Пример 3. Проведение "вычитающего" связывания реассоциированных фагов с гомодуплексом для удаления вместе с дуплексом, с последующим размножением оставшихся (нужных фагов) на чувствительном штамме E.coli.

Для удаления "ненужных" SB-фагов, пользуясь тем, что спаренные участки у гомо- и гетеродуплексов идентичны, вводят дополнительную стадию "вычитания" - связывание с гомодуплексами (фиг.2). Количество оставшихся после "вычитания" MB- фагов составляет 10¹-10² частиц, т.е. доля "нужных" фагов составляет не более 1% от общего количества связывающихся с ДНК. Предполагая, что связывание фагов с дуплексом по всей длине является равновероятным событием, и учитывая, что протяженность неспаренных оснований составляет не более 1,5% (общее число 447 н.п.-100%, 7 неспаренных оснований - 1,5%), полученные результаты являются вполне ожидаемыми.

Полученные в первом раунде фаги размножают до необходимого титра (10⁹ вирионов в мкл) на чувствительной к фагам культуре E.coli K 91. В общей сложности было проведено 5 раундов селекции.

Пример 4. Оценка эффективности селекции.

Эффективность селекции оценивали по разнице величин оптической плотности (при ОП₆₀₀) после диссоциации связавшихся отселектированных фагов с гетеро- и гомодуплексами. Для этого после соответствующего размножения и концентрирования этих фагов (до 10⁹ вирионов /мкл) проводили инкубацию с дуплексами (отдельно для гомо- и гетеродуплекса). После инкубации следовала 10-кратная отмывка, с последующей стадией диссоциации. Все процедуры проводили, как описано выше. После диссоциации проводили измерение оптической плотности.

В качестве дополнительного контроля брали фаги из исходной библиотеки.

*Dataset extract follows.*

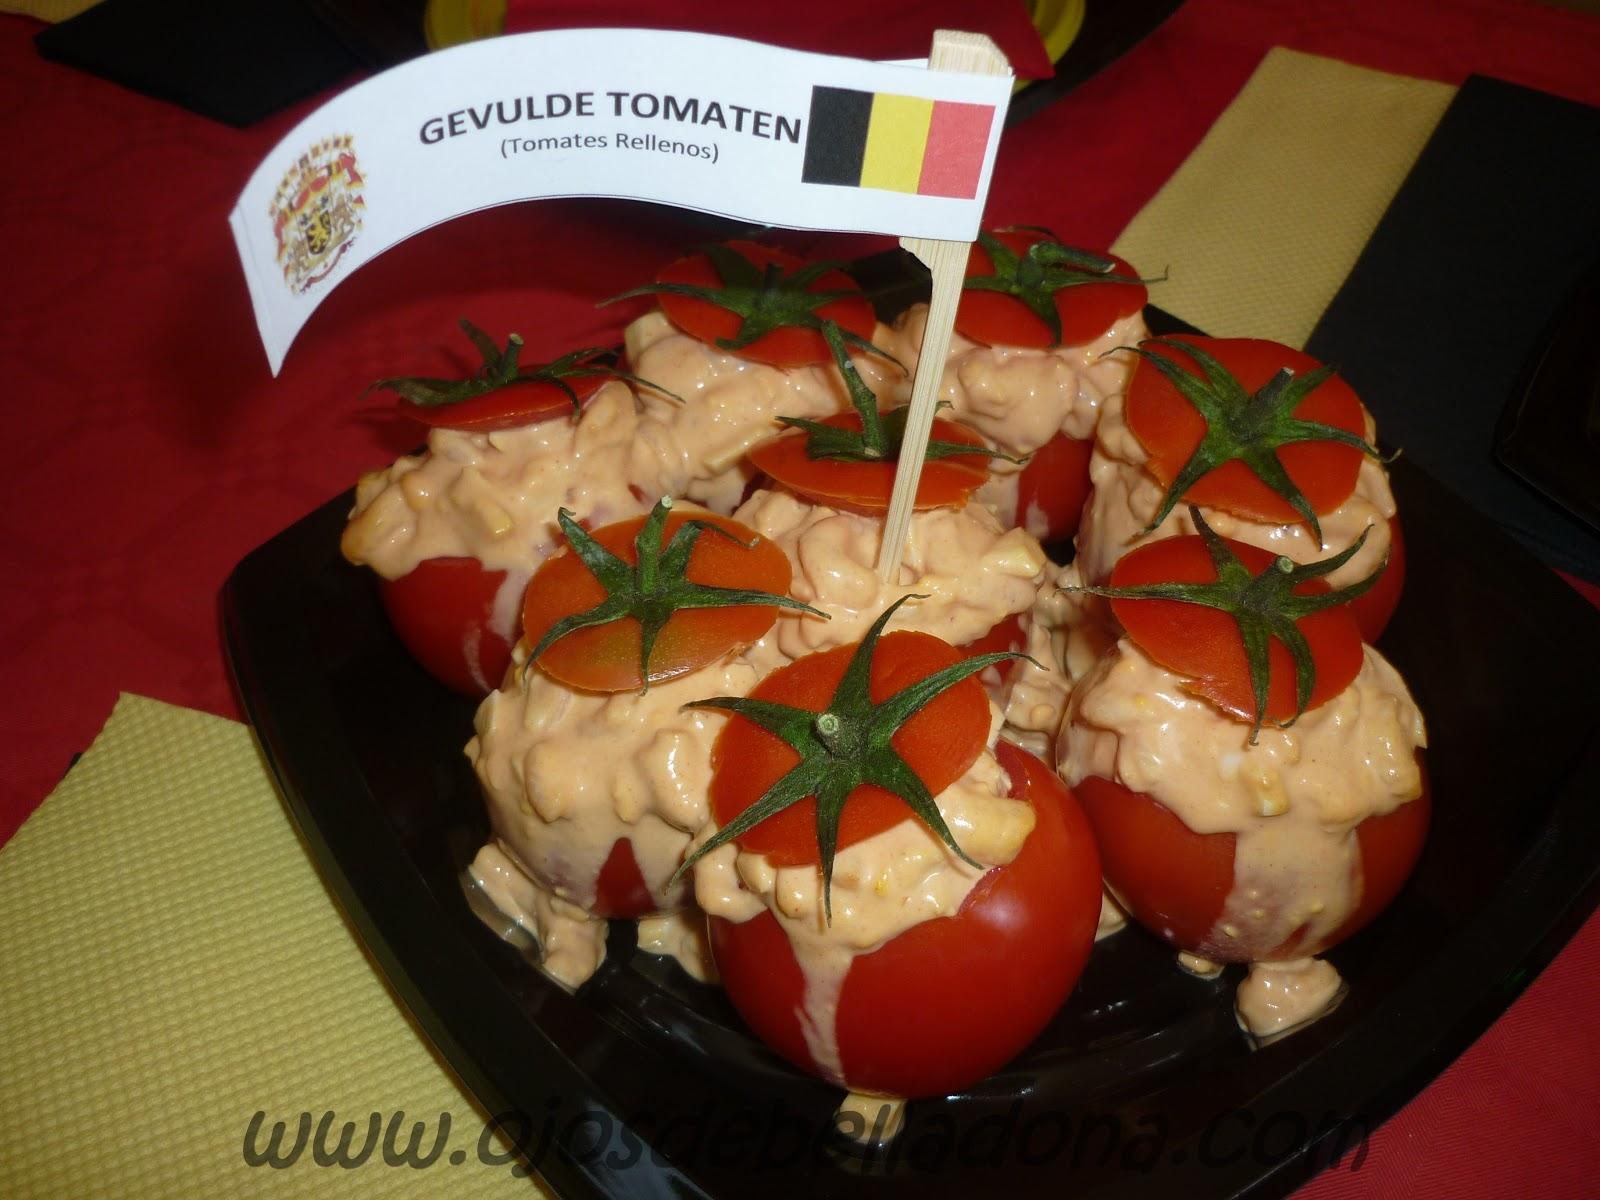 Gevulde tomaten (tomates rellenos), Bélgica

Полученные MB-фаги были оценены по способности отличать гетеродуплексы с неспаренными основаниями от полностью спаренных дуплексов (гомодуплексов). Для сравнения проводили инкубацию фаговых частиц из исходной фаговой библиотеки (pIII НРL-15).После связывания диссоциацию фагов и ДНК дуплексов проводили в условиях, описанных выше. Количество диссоциированных фагов определяли по оптической плотности (ОП ₆₀₀).

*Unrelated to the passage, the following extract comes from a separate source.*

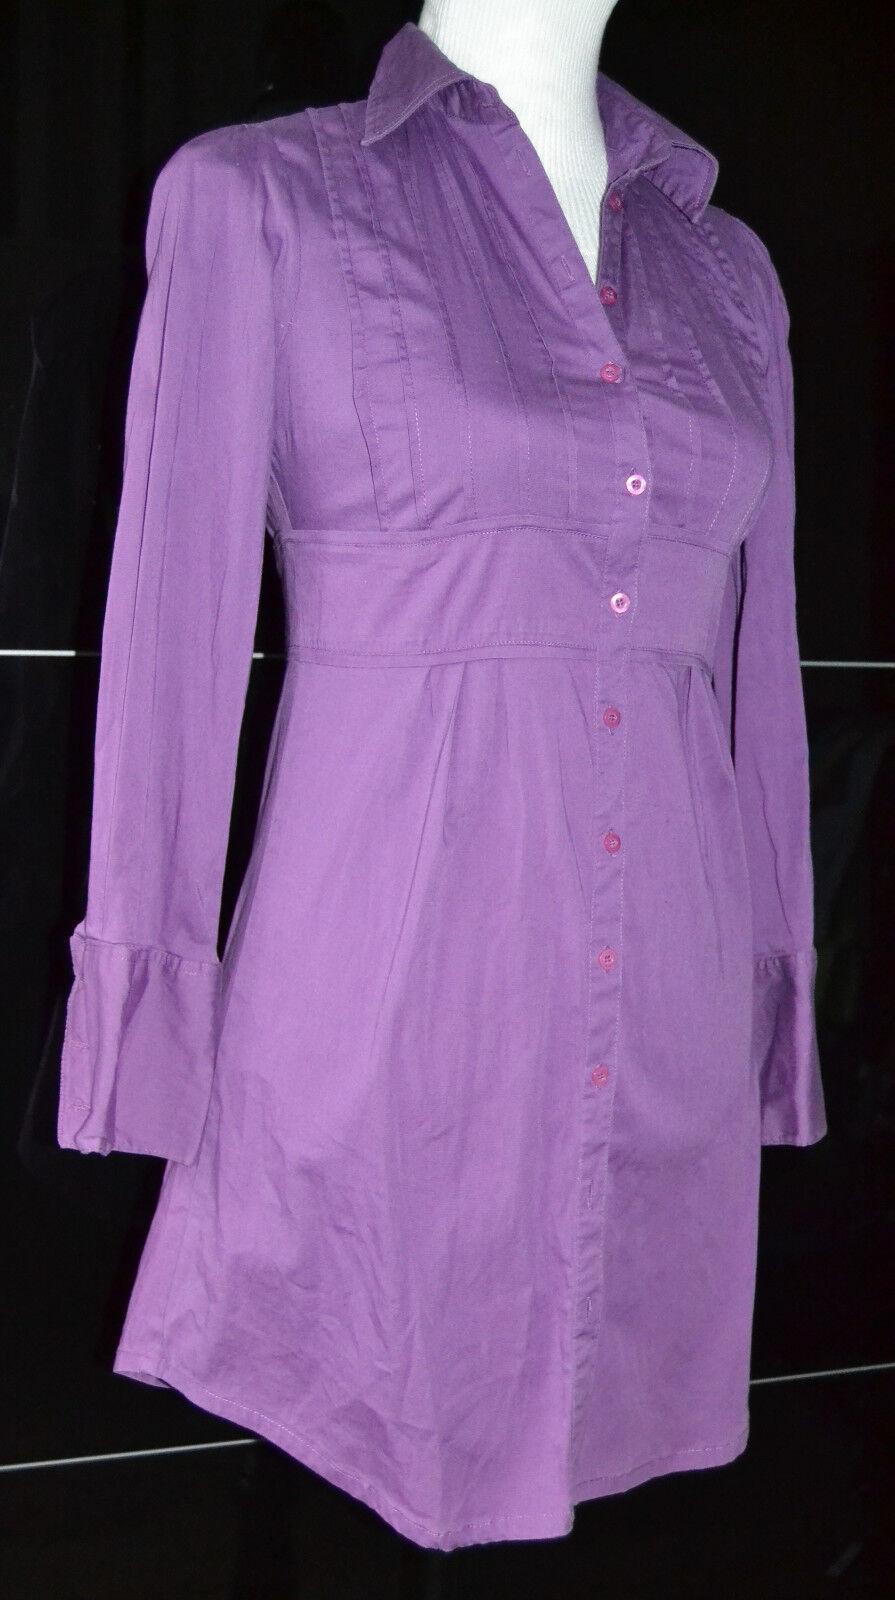 FLASH LIGHTS Damen Mädchen Hemdkleid Stretch Kleid lila 36 wie Neu

Результаты оценки эффективности связывания представлены в таблице 2.

Таблица 2
Эффективность избирательного связывания
Фаг		Оп600
		Гетеродуплекс	Гомодуплекс
Отселектированный	3-й раунд	2,8-3,1	0,45-0,65
	5-й раунд	1,55-1,35	0,45-0,75
Исходный (HPL-15)		0,1-0,18	0,20-0,45

Как видно из таблицы, отселектированные на гетеродуплексах фаги более эффективно связываются именно с данными типом дуплекса. Разница по эффективности связывания с гетеро- и гомодуплексами составляет от 5-ти (в 3 раунде) до 3-х (в 5 раунде) раз. В то же время фаги из исходной фаговой библиотеки практически не связываются с гетеродуплексом. Изменения эффективности связывания зависят, вероятно, от доли МВ-фагов в общем пуле фагов, полученных после размножения в каждом раунде.

Таким образом, предложена система селекции фагов, избирательно (предпочтительно) связывающихся с ошибочно связанными основаниями в составе любого гетеродуплекса. Полученные фаги могут быть использованы для анализа полиморфизма генов, выявления точечных мутаций, а при иммобилизации на различные носители и в полностью автоматизированных процессах, например в чипах.

Литература

1. Grompe M. // Nat. genetics - 1993, v.5, p.111-116.

2. Orita M., Iwahana M., Kanazawa H. et al. // Proc. Natl. Acad. Sci. USA. - 1989, v.86, p.2766-2770.

3. Borresen A.-L., Hoving E., Smith-Sorensen В., Malkin D., Lystad S., Andersen Т., Nesland J.M., Isselbacher K.J., Friend S.H. // Proc. Natl. Acad. Sci. USA. - 1991, v.88, p.8405-8409.

4. Anon A. // Nat. Genetics - 1998, v.20, p.217-218.

5. Патент США №5876941, кл. С 12 Q 1/68 // Бюлл. ИСМ - 2000, вып.46, №3, стр.72.

6. Jiricny J., Su Sh.-S., Wood S.G., Modrich P. // Nucl. Acids Res. - 1988, v.16, №16, p.7843-7853.

7. Lishanski A., Ostrander E.A., Rine J. // Proc. Natl. Acad. Sci. USA - 1994, v.91, p.2674-2678.

8. Smith P.G., Petrenko V.A. // Chem. Rev. - 1997, v.97, p.391-410.

9. Choo Y, Klug A. // Proc. Natl. Acad. Sci. USA. - 1994, v.91, p.11163-11167.

10. Friesen W.J, Darby M.K. // J. Biol. Chem - 1997, v.272, №17, p.10994-10997.

11. Choo Y., Sanchez-Garcia I., Klug A. // Nature - 1994, v.372, p.642-645.

12. Smith G.P., Scott J.K. // Methods in Enzymology - 1993, v.2217, p.225-229.